I just wanted to vent a bit about what's going on in my life. I don't wanna over-dramatize it because really, by the grace and mercy of God, what I'm dealing with isn't that bad and when I needed it, I got the best help ever with kind doctors.
But what's just so frustrating is the inconsistancy and lack of standards and not really caring the health care system is. Now for the more serious cases I imagine it's better but yet not really.
I've been blessed with finding a naturopathic doctor which is what I believe a doctor should be, an educator and teacher about your overall well-being and health and how to maintain it. Fortunately there's a great facility in SF with fantastic naturopathic doctors but as far for other places in this country, I don't really know. all I can say is look into it!

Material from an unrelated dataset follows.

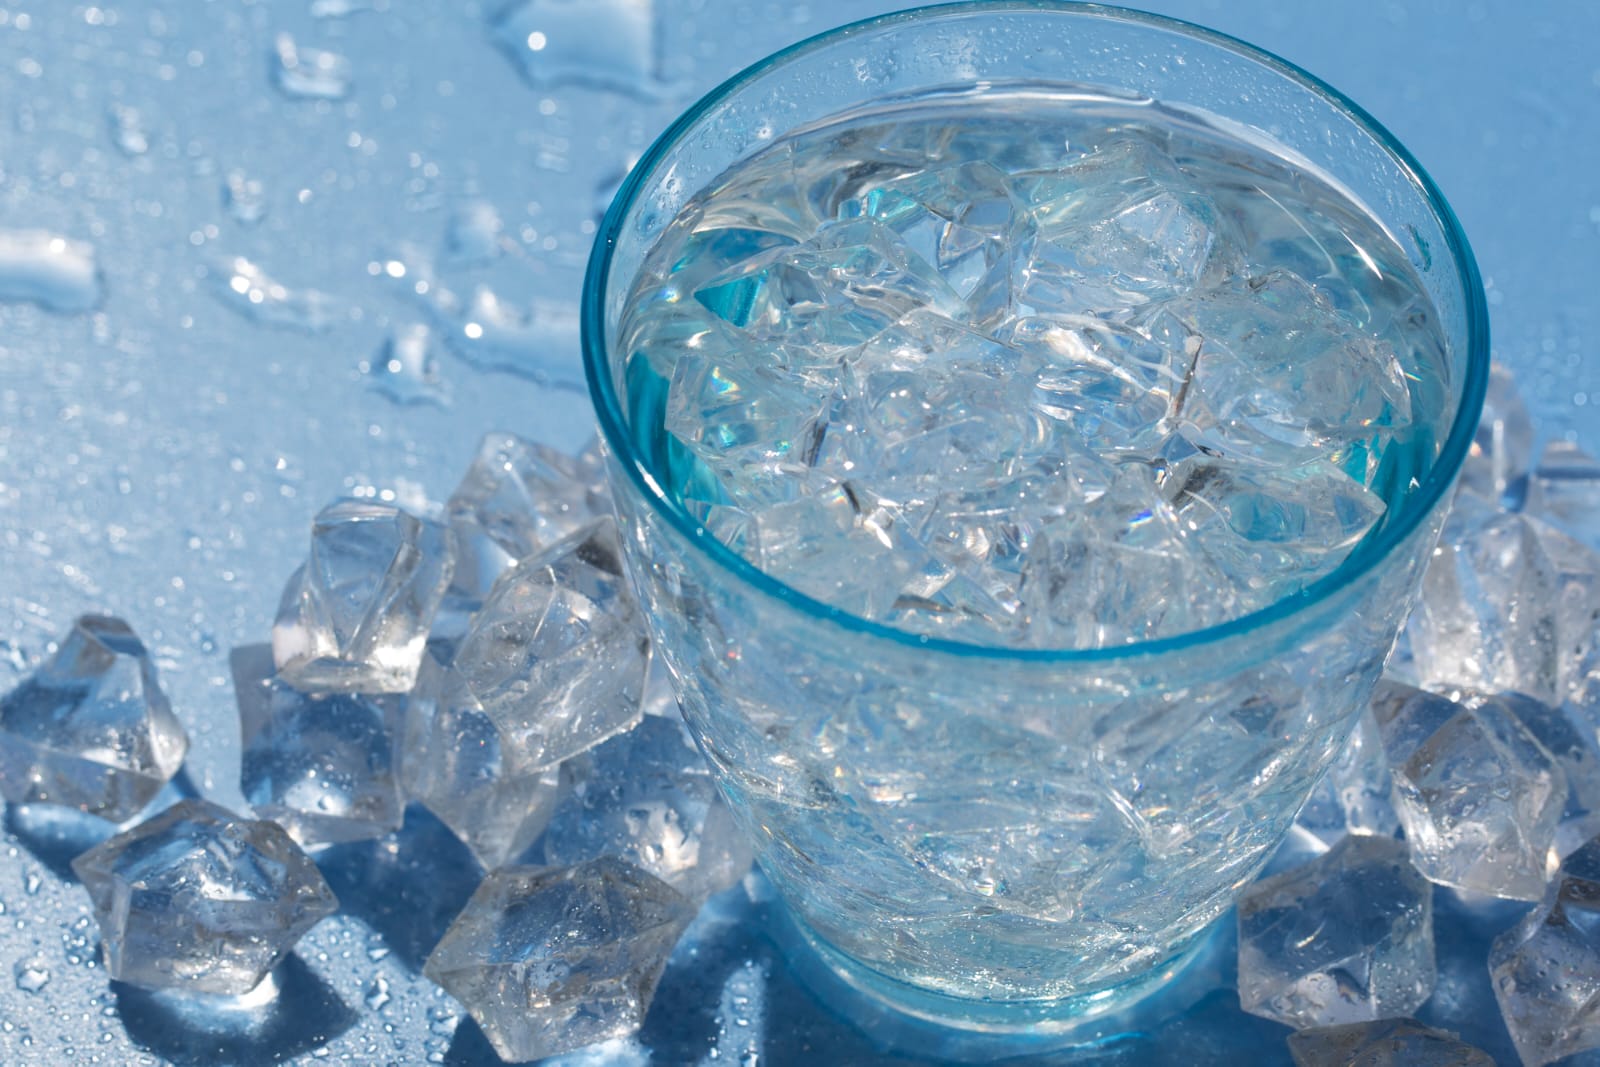 Mengungkap Bahaya Minum Air Es Berlebihan: Ancaman Tersembunyi bagi Kesehatan

But what really frustrates me is the modern western general hospitals/doctors that majority of people have to deal with. Unless it's a dire emergency they really don't care too much to truly help you and give you peace of mind. what I've experienced is more of a "well you made it through the emergency, our bodies are meant to recover completely so here you go, a back up antibiotic with no refills, an appointment every 6 months and no real way to reach me in-between; good luck!"
Which frustrates the living crap out of me! Hello people! I have a chronic condition! It's not just a baldder infection that went wrong, it's a whole history here people!
I'm treated as somewhat of an animal actually, now that I think about it.
But as I've said, in my moment of real need, God supplied fantastic doctors who did the right thing and genuinely cared.
I've also been blessed with an extremely close friend who knows the medical field, wants to be a doctor that reforms the system, knows how to research and find things for me that help my problem.
I can't imagine living in constant fear every day questioning whether or not I'm gonna be ok. Yes I admit I do have freak outs and sometimes even panic attacks but they are getting less and less as I learn to trust God because He is my ultimate healer and He has placed good people and resources around me. Yes the journey gets long and extremely frustrating and sometimes I say what progress has been made? What good is this? For what reason? How long do I have to endure this? But I know that God is going to take care of me, He is taking care of me, He is in charge, He has ALL the power I need, more than any meds or doctors.
Thanks God.
Hope this brought some enouragement or something....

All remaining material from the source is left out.